Association of Hemolysins, IgM Titers, and IgG Titers
Interestingly, the association among anti‐A IgM titers, anti‐A IgG titers, and anti‐A hemolysin grade were demonstrated (P < 0.05), whereas significant association was found (P < 0.05) between anti‐B hemolysin grade and anti‐B IgM titer, as shown in Table 2.
Table 2.
Comparison of Hemolysin Grades and Immunoglobulin Titers
| Anti‐A titer | Anti‐B titer | |||||||
|---|---|---|---|---|---|---|---|---|
| IgM[Link] | IgG | IgM[Link] | IgG | |||||
| Hemolysin grade/titer | <64 | ≥64 | <64 | ≥64 | <64 | ≥64 | <64 | ≥64 |
| 0 and 1 | 44.8% | 55.2% | 9.0% | 91.0% | 33.8% | 66.2% | 6.8% | 93.2% |
| 2 & 3 | 5.2% | 94.8% | 5.2% | 94.8% | 6.6% | 93.4% | 2.6% | 97.4% |
*P value < 0.05.
DISCUSSION
It is suggested that environmental factors, enteric bacteria, and other parasites may have affected the production of anti‐A and anti‐B titers 22, 23, 24. Moreover, a high frequency of strongly hemolytic anti‐A and anti‐B hemolysins has been reported in Asian and Black populations compared with Caucasians 12, 23, 25, which may be due to mosquito bites and intestinal parasitic infections 15. In addition, high titers of ABO antibodies in group O individuals can also be the outcome of vaccination or other antigen exposures 26.
The data on the Ig types and concentration of ABO antibodies in the Thai population are obscure. The high frequency of anti‐A and anti‐B hemolysins in group O blood donors in this study is higher than other previous studies in Nigerian and Indian populations because of the increasing numbers of female donors.
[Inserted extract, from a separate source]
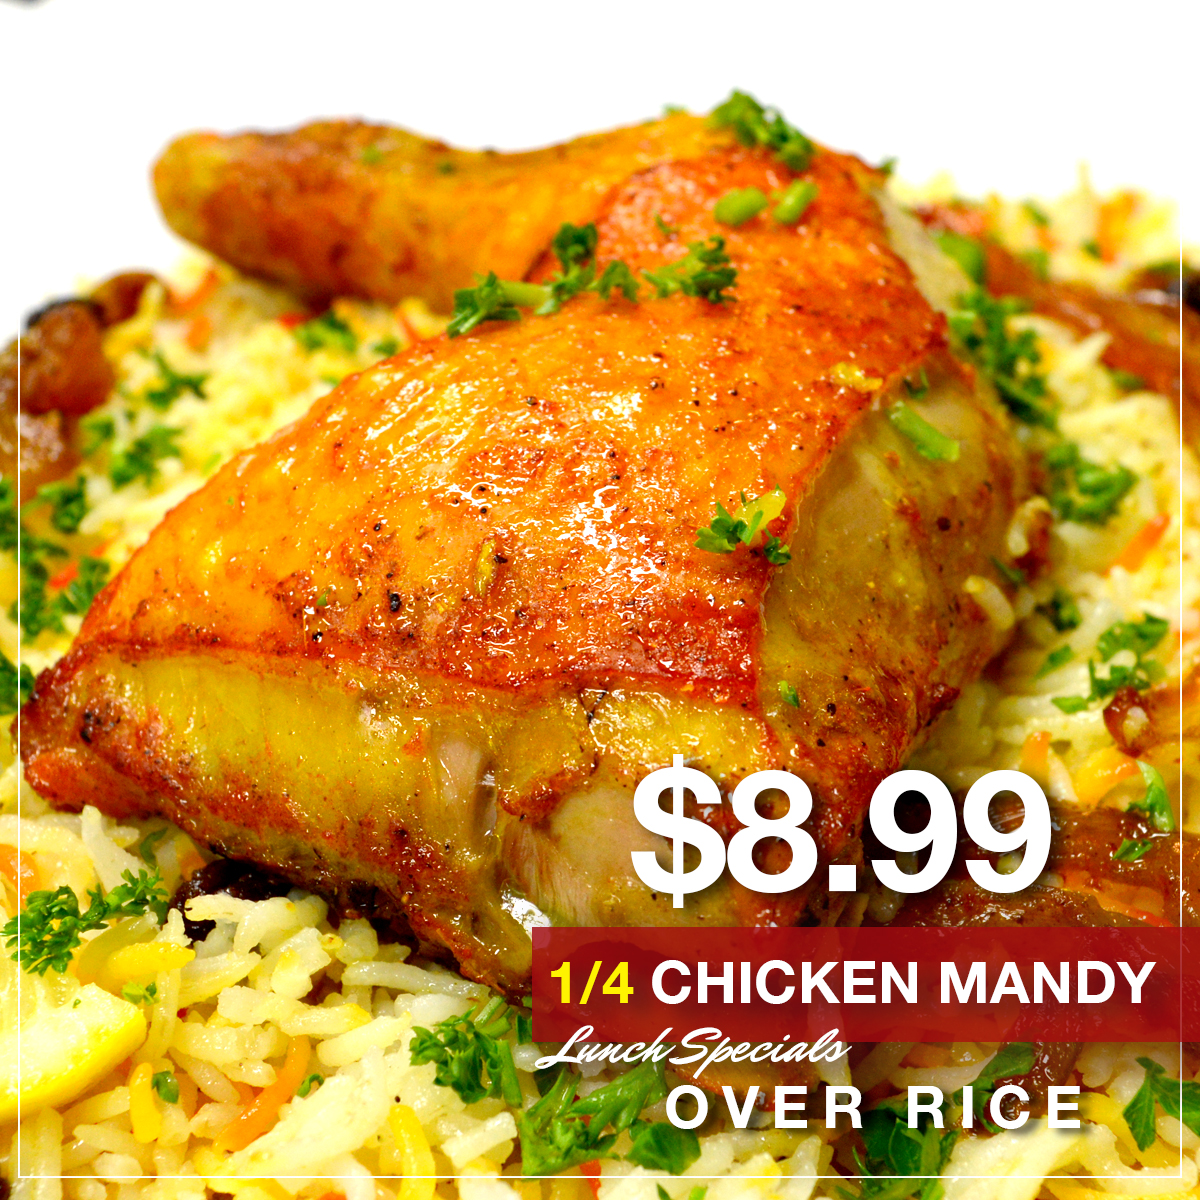 QAUR Chicken Mandy Lunch specials-22

High titers of anti‐A hemolysins were also associated with female blood donors, which may be caused by pregnancies.
A previous study in Japanese group O blood donors showed that IgM anti‐A, and anti‐B titers were low, and no differences were noted between sexes 16, while in this study IgM anti‐A and anti‐B titers in group O Thai blood donors were high. Only IgM anti‐B titers were significantly decreased according to an increase of donor age.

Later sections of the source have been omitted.